Wer die Position vertritt, dass die Stimmabgabe von Ministerpräsident Stolpe kraft seiner Richtlinienkompetenz als Regierungschef ausschlaggebend war, für den ist die anschließende Äußerung von Minister Schönbohm rechtlich nicht mehr erheblich.

Zur Gültigkeit der brandenburgischen Stimmen gelangt auch, wer in der Äußerung von Minister Schönbohm, dass seine Auffassung bekannt sei, kein förmliches "Nein" sieht.

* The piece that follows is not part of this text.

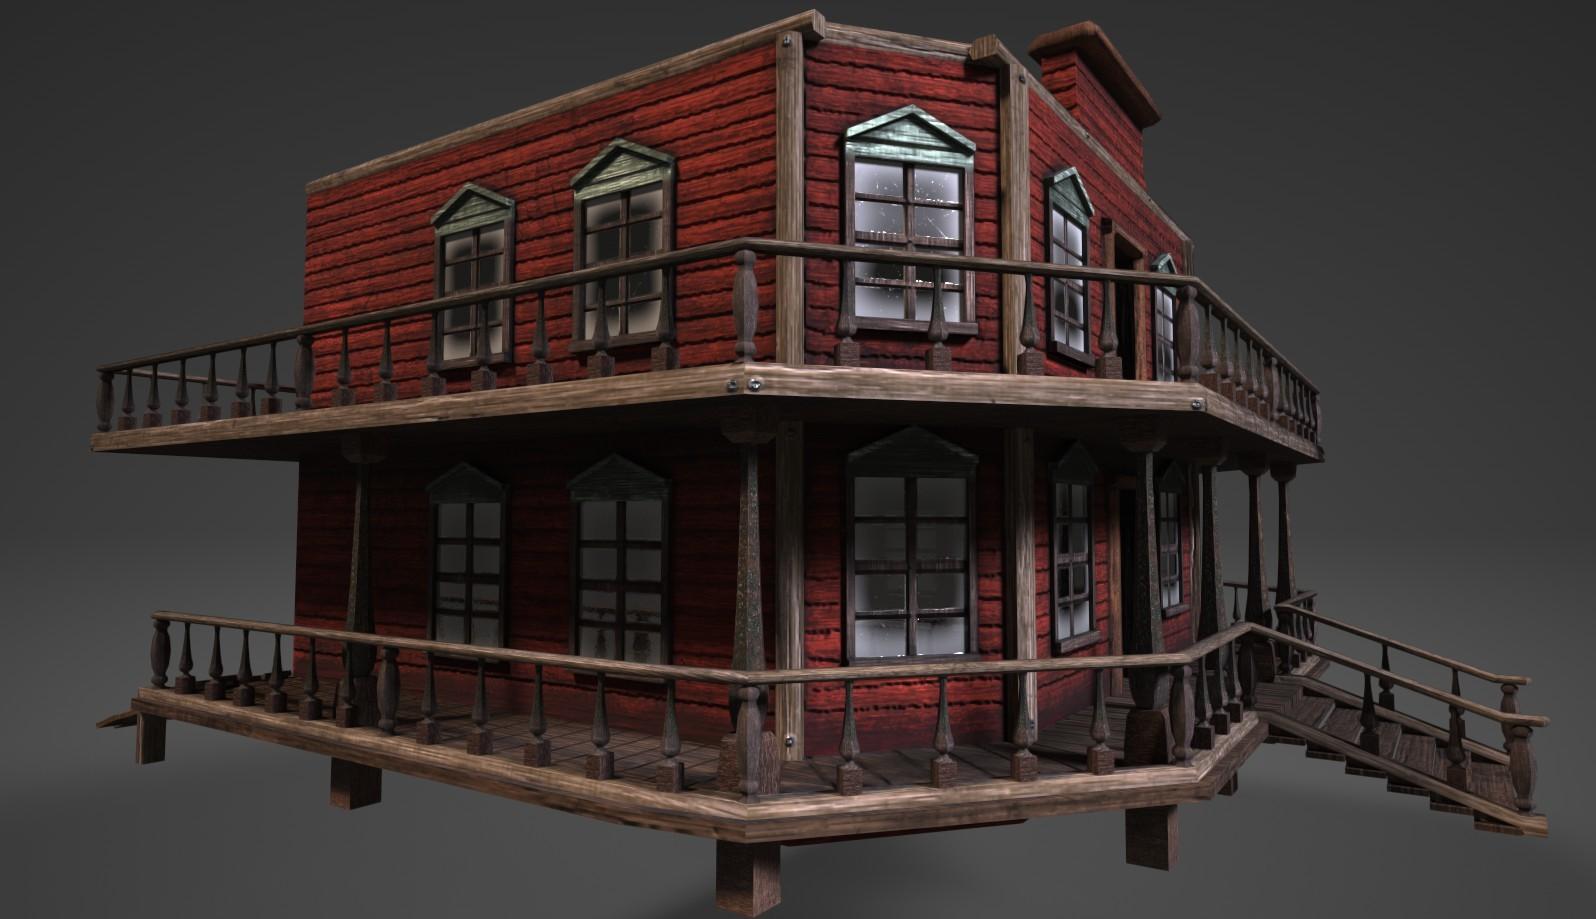 Home Plan Designer Ruben Van Bladel Wild West Saloon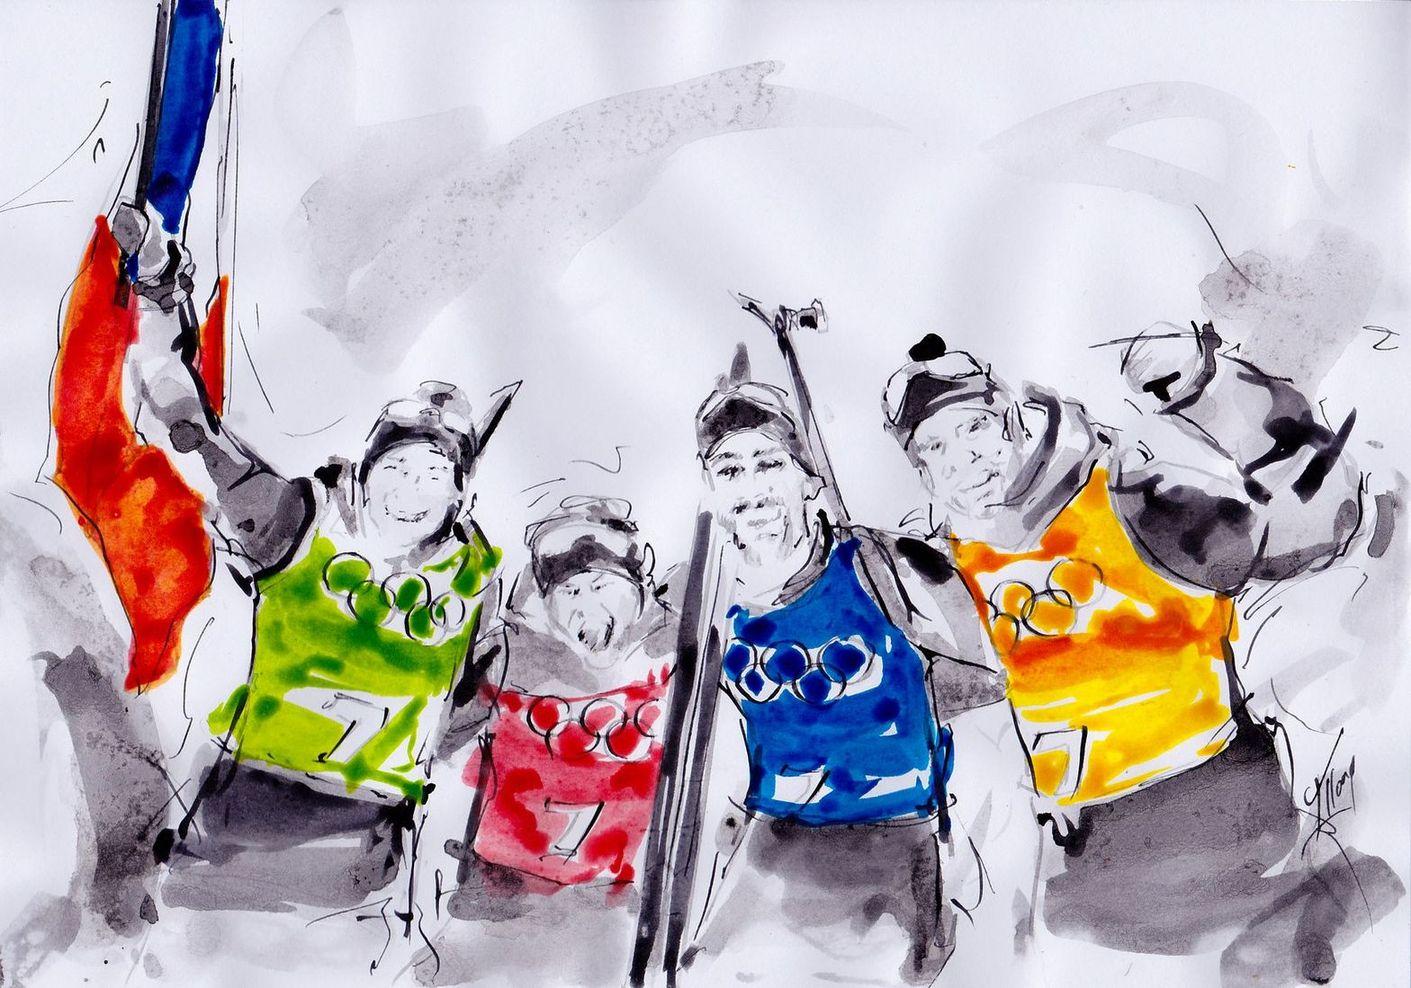 art peinture sport de glisse biathlon Jeux olympiques d'hiver Médaille d'or Pyeongchang JO 2018 :La victoire de Martin Fourcade, Marie Dorin, Anaïs Bescond et Simon Desthieux en biathlon (relais mixte)

Zu demselben Ergebnis gelangt schließlich, wer darauf abstellt, dass Minister Schönbohm jedenfalls nach der erneuten Frage des Präsidenten des Bundesrates dem wiederholten "Ja" seines Regierungschefs nicht mehr widersprochen hat.

II.<

Ich stelle also fest - und nur darauf kommt es an: Bei der Beurteilung der Abstimmung im Bundesrat am 22. März 2002 kann man in tatsächlicher und in rechtlicher Hinsicht jeweils mit guten Gründen zu dem einen oder anderen Ergebnis kommen.

Ich wäre aber nur dann berechtigt und verpflichtet, das Gesetz nicht auszufertigen, wenn ich davon überzeugt wäre, dass zweifelsfrei und offenkundig ein Verfassungsverstoß vorliegt. Mit Blick auf die kontroversen Auffassungen in dieser verfassungsrechtlichen Frage habe ich diese Überzeugung nicht gewinnen können.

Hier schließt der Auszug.